LARO, Judge: Petitioners, Ronald Lawson (Mr. Lawson) and Karen Bey (Dr. Bey), petitioned this Court to redetermine respondent's determinations in the notice of deficiency issued on April 3, 2014, for the 2011 and 2012 tax years (years at issue). The deficiency amounts are $14,315 for tax year 2011 and *212 $16,049 for tax year 2012 as well as an addition to tax under section 6651(a)(1)1 for 2012. Respondent amended his answer and asserted accuracy-related penalties under section 6662(a) for the years at issue, with the amounts to be determined at a later date in Rule 155 computations.

The issues for decision are:

(1) whether petitioners are entitled to deductions claimed on Schedules C, Profit or Loss From Business (Sole Proprietorship), for car and truck expenses of $26,005 and $9,990 for the respective years at issue. We hold that they are not;

(2) whether petitioners are entitled to deductions claimed on Schedules E, Supplemental Income and*221 Loss, for repair expenses of $32,450 and $20,255 for the respective years at issue. We hold that they are not;

(3) whether petitioners have unreported Schedule C and/or Schedule E gross receipts or sales of $18,057 and $22,101 for the respective years at issue. We hold that they do to the extent stated in this opinion;

(4) whether petitioners failed to report taxable income of $31,130 from a settlement for the 2012 tax year. We hold that they did; *213 (5) whether petitioners are liable for an addition to tax under section 6651(a)(1) for failure to file timely for the 2012 taxable year. We hold that they are; and

(6) whether petitioners are liable for accuracy-related penalties under section 6662(a) for the years at issue. We hold that they are.

FINDINGS OF FACT

The facts set forth below are based on the pleadings, witness testimony during the trial, and other pertinent materials of the record. Some of the facts have been stipulated. The stipulations of facts and the facts drawn from the stipulated exhibits are incorporated herein, and we find those facts accordingly. Petitioners were married at all relevant times and resided in the State of New York at the time they filed their petition on July 3, 2014. Absent a stipulation*222 to the contrary, an appeal of this case would lie in the Court of Appeals for the Second Circuit.

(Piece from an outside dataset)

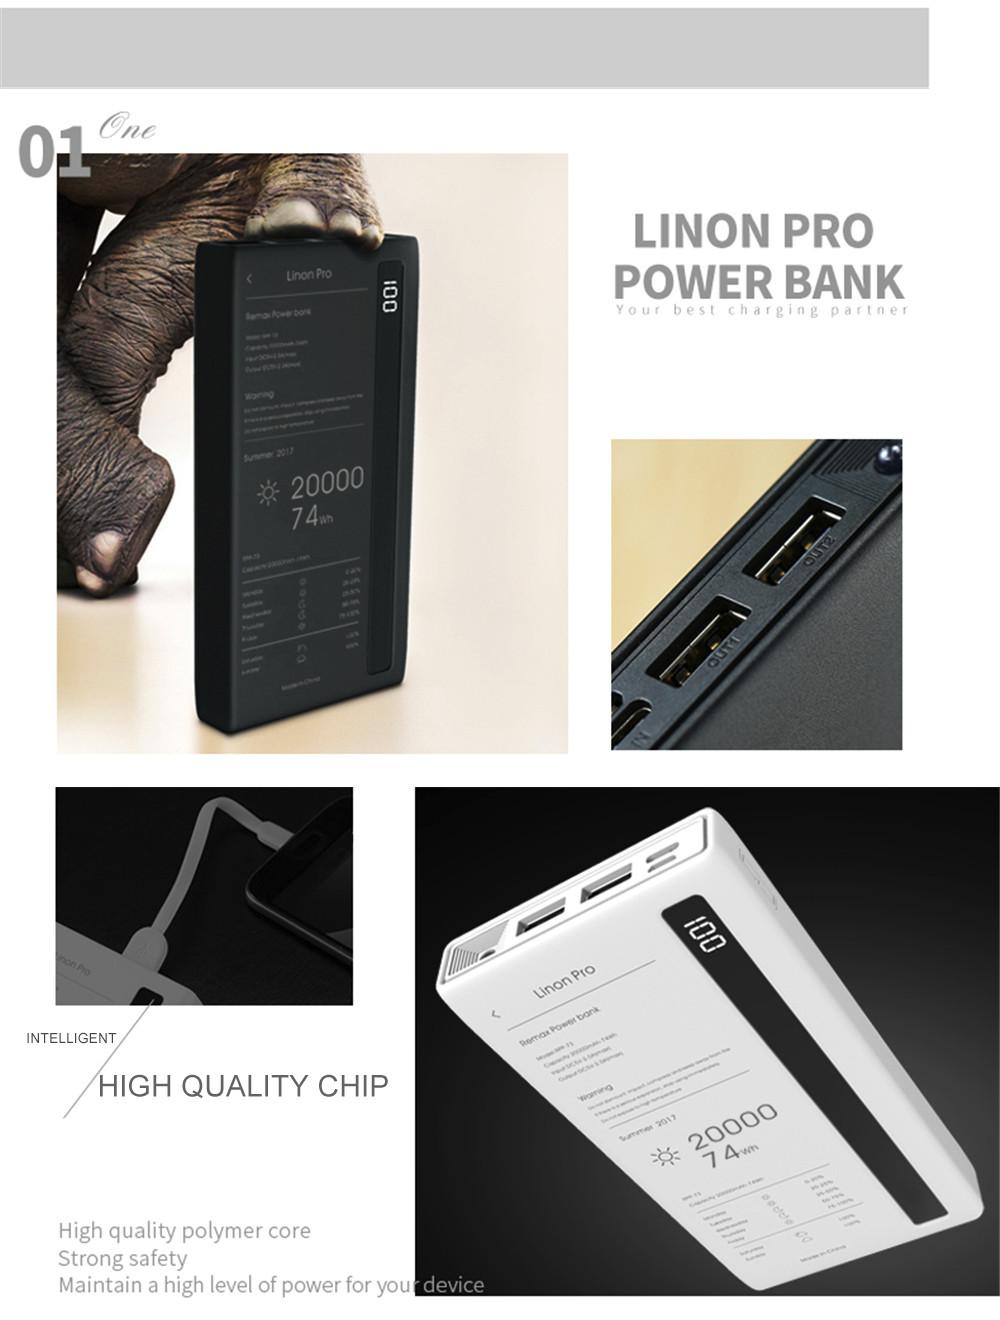 Linon Pro 20,000 mAh Power Bank

During the years at issue Dr. Bey operated a holistic wellness business and Mr. Lawson was an employee of Quality Building Services Corp. (QBS). Petitioners timely filed their 2011 Form 1040, U.S. Individual Income Tax Return (2011 tax return). Petitioners filed their 2012 Form 1040 (2012 tax return) on April 28, 2013, after the filing deadline. Respondent's revenue agent Gene Enriquez (RA Enriquez) examined petitioners' 2011 and 2012 tax returns. In the *214 course of the audit, RA Enriquez requested that petitioners produce their business records, bank account statements, and substantiating documentation for the expenses underlying the claimed deductions. Petitioners did not provide RA Enriquez with the requested information. Instead, petitioners claim RA Enriquez should have "availed himself" of the access to petitioners' computer files containing their business records during RA Enriquez's two site visits to Dr. Bey's offices.

On April 3, 2014, respondent issued a notice of deficiency to petitioners for the years at issue. Respondent disallowed certain deductions that petitioners claimed*223 on Schedules C and E of the 2011 and 2012 tax returns. In addition, on the basis of the bank deposits analysis (BDA) performed during the audit and petitioners' failure to include in income proceeds received as a result of a settlement with Bank of America Corp. (BOA), respondent determined that petitioners had unreported income.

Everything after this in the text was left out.